Indeed, and this is arguably a bug in my implementation if this class is taken out of context.

Due to the seed always being bitrev(0x7FEC8|something) the lowest bit will always be 0, so it's not an issue in practice.

IIRC I took this value from libogc's source, which uses a lot of statements to produce this value with a super-tiny amount of entropy (less than 8 bits IIRC). I believe the randomness is useless in such implementation, as this code is not trying to confuse a data sniffer (while I guess the GC's firmware is trying to do, and by extension libogc). So I just picked one of the values libogc can produce and ran with it.

Also, it is not just the last bit which is always initialised to zero, but the 12 last bits.

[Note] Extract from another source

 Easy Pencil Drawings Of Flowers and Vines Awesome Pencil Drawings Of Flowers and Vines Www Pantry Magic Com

My guess is that the card hard the very same LFSR and loads in it the address of the first readpage instruction received, and this value is only 19bits-long. The value sent to the card would be loaded in the LFSR "away" from the end the new bit gets shifted in (plus an implied 20th bit set to zero where the LFSR output bit is), so there are always 12 zeroes next to it. I guess this is why several bytes are read and discarded in the handshake, each byte shifting the LSB some more and getting rid of that sequence of zeroes in the keystream.

So setting any of the 12 LSbs will desynchronise the ciphers, breaking the handshake, as the card has no way of knowing those bits.

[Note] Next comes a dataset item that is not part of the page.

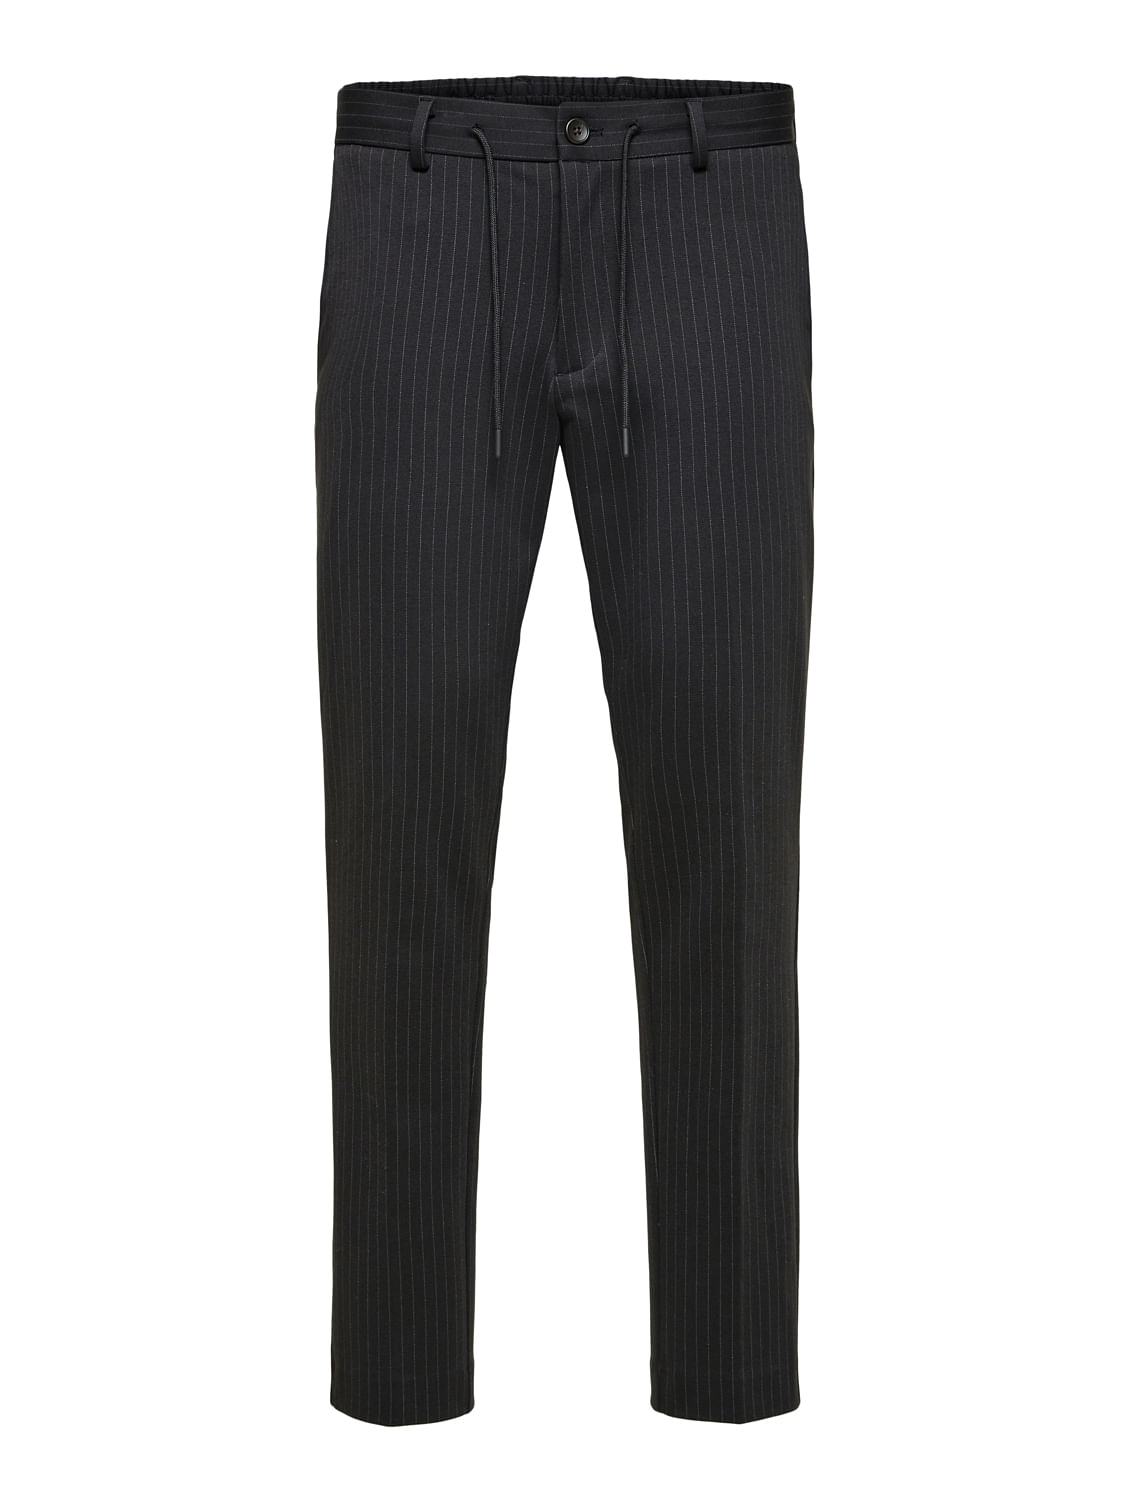 Black Plain Labroz Navy Blue Striped Chinos, Casual Wear, Men at Rs  490/piece in New Delhi

Thinking about it a bit more, if I'm not at err, I'm wondering whether it's not a 31-bit LFSR and not a 32-bit as the next value is effectively inserted into the second bit?

This is correct: the new bit is OR'ed on bit 0 and immediately shifted left to be ready for the next round.

It may be easier to think about it in hardware-description terms: this is a 31bits register (one of which is the output) fed from one combinatorial bit. The production of the input bit is "permanent" and it only gets fixed when shifted in the first register bit. In this implementation I picked a 32bits value as it seems less surprising as a software implementation.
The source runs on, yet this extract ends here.